Сам пить не стал, объясняя, что за рулем.
Кофе, коньяк и три куска ветчины, положенные на три куска сыра, как на хлеб, сделали свое дело. Мне стало сытно, уютно и хорошо.
Само собой возникло ощущение, что я знаю этого человека давно, тыщу лет. А между тем, он по-прежнему ничего о себе не рассказывал. Только то, что из столицы и зовут его Вадим Свиридович. Или Свиридович? А может он Сильвестр, как Сталлоне. А может это его родственник? Нет, он вроде как бы говорил, что его родственники отсюда, из этих краев. Хотя, у Сталлоне тоже вроде бабка из-под Одессы. Это недалеко. Он здесь что-то ищет. Или кого-то… Не помню…

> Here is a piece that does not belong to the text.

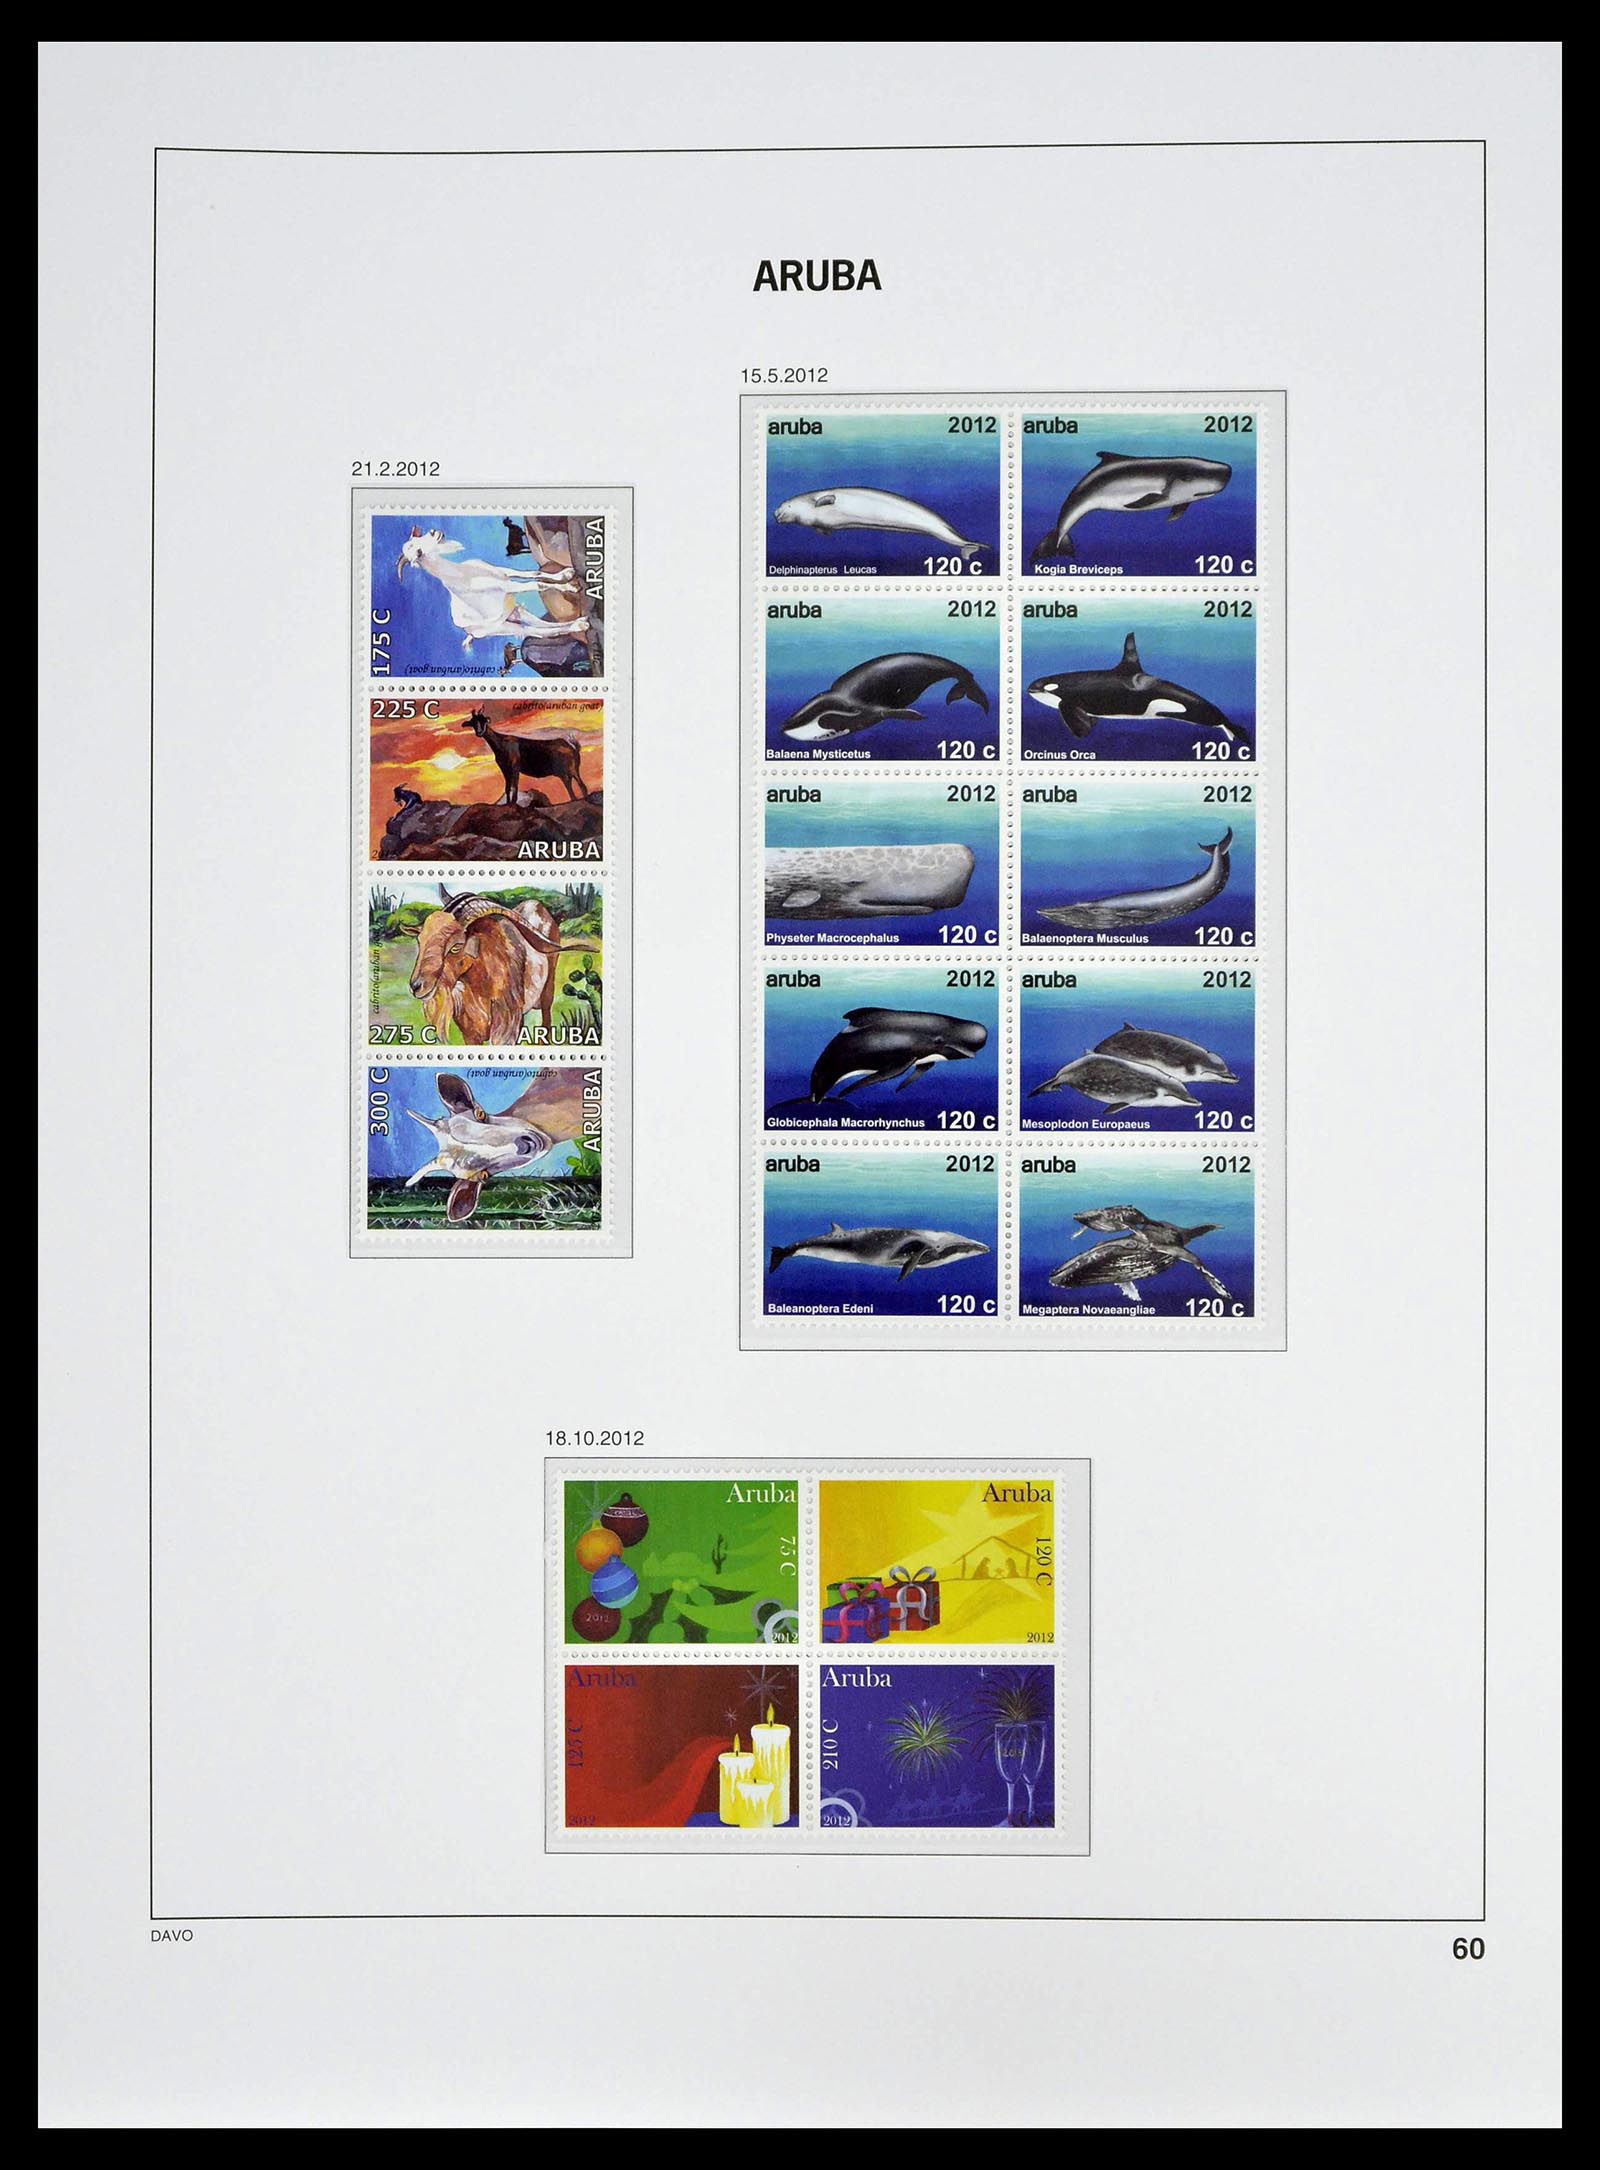 39361 0060 - Stamp collection 39361 Aruba 1986-2013.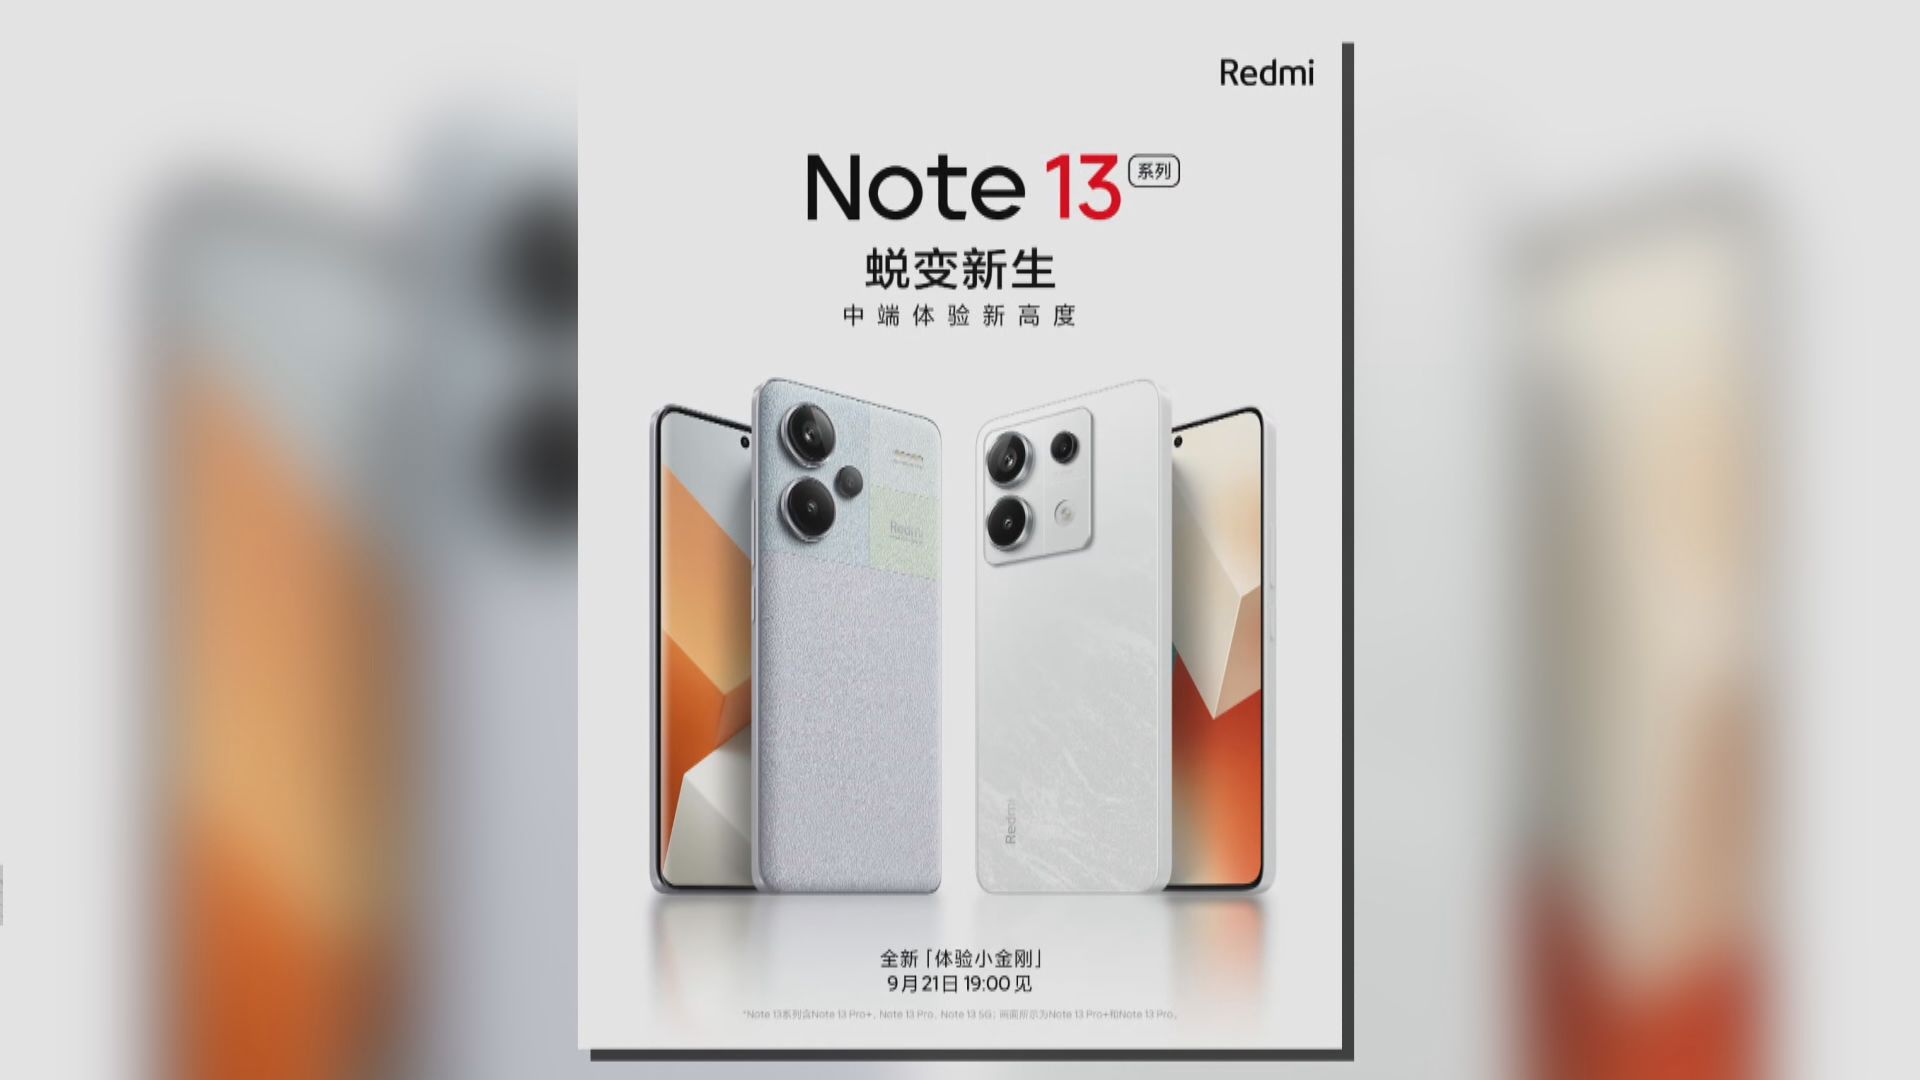 【新手機混戰】小米Redmi Note 13系列9‧21亮相

От выпитого кофе с коньяком я постепенно проваливалась куда-то в теплую и уютную дрему. Хорошо… Никуда не надо спешить. Сквозь затемненные окна не видно день на улице или вечер. Главное, не жарко. А я так устала, мне так хочется отдохнуть… Но это – чужая машина… Неудобно…
А! Не всё ли равно…
Я свернулась калачиком и закрыла глаза.
Проснулась от того, что мне стало холодно. В салоне во всю шарашил кондиционер. Когда открыла глаза, не сразу поняла – где нахожусь. Лежать было немного тесно. Одна нога затекла, другая рука занемела и не слушалась.
Я огляделась и сразу всё вспомнила. Удар, обморок, ремонт и перекус с новым знакомым. Да, ещё было кофе с коньяком.
В салоне машины было тихо. Судя по всему, я была одна. Неожиданно водительская дверца открылась. Солнечный свет хлынул мне прямо в лицо.
– Проснулась? Отдохнула? Вот и замечательно! Всё готово. Я рассчитался. Поехали.
– Я долго спала?
– Не очень. Это коньяк. После такого удара головой тебе нельзя было пить.
– Нет. Это кофе. Хороший кофе на меня часто так действует, и я засыпаю. Хотя ты прав. С моей головой явно не все в порядке. Немного болит и кружится. Так куда едем?
– В гостиницу. Мне же надо где-то остановиться, поставить машину.
– Но мне надо домой.
Он согласно кивнул головой, включая зажигание.
– Надо, значит надо. Поехали. Показывай.
– Что тут ехать. Чуть выше по улице, за углом.
– Отлично! Командуй.
Вадим так интересно разговаривал. Очень короткими фразами, как приказами. Общаясь с ним, я невольно переняла эту манеру говорить. Кстати, так и не заметила, как мы перешли на «ты».
Вот что значит немного поспать в машине чужого мужика – проснулась и сразу на «ты».
Сверкающая громадина внедорожника, как ни странно, легко уместилась в нашем небольшом дворе, увитом со всех сторон виноградом. Здесь даже в летний зной никогда не было жарко, так плотно оплела лоза прутья старого навеса.
С одной стороны двора стоял дом. С другой, метров на пятнадцать, возвышалась массивная, выложенная из огромных каменных блоков подпорная стена, в которую упиралась Гора. Один из контрфорсов этой массивной стены перегораживал двор на две неравные части. В толще стены, как раз посреди двора были довольно высокие ворота не то гаража, не то бункера. Он уходил вглубь Горы – на какое расстояние никто точно и не знал.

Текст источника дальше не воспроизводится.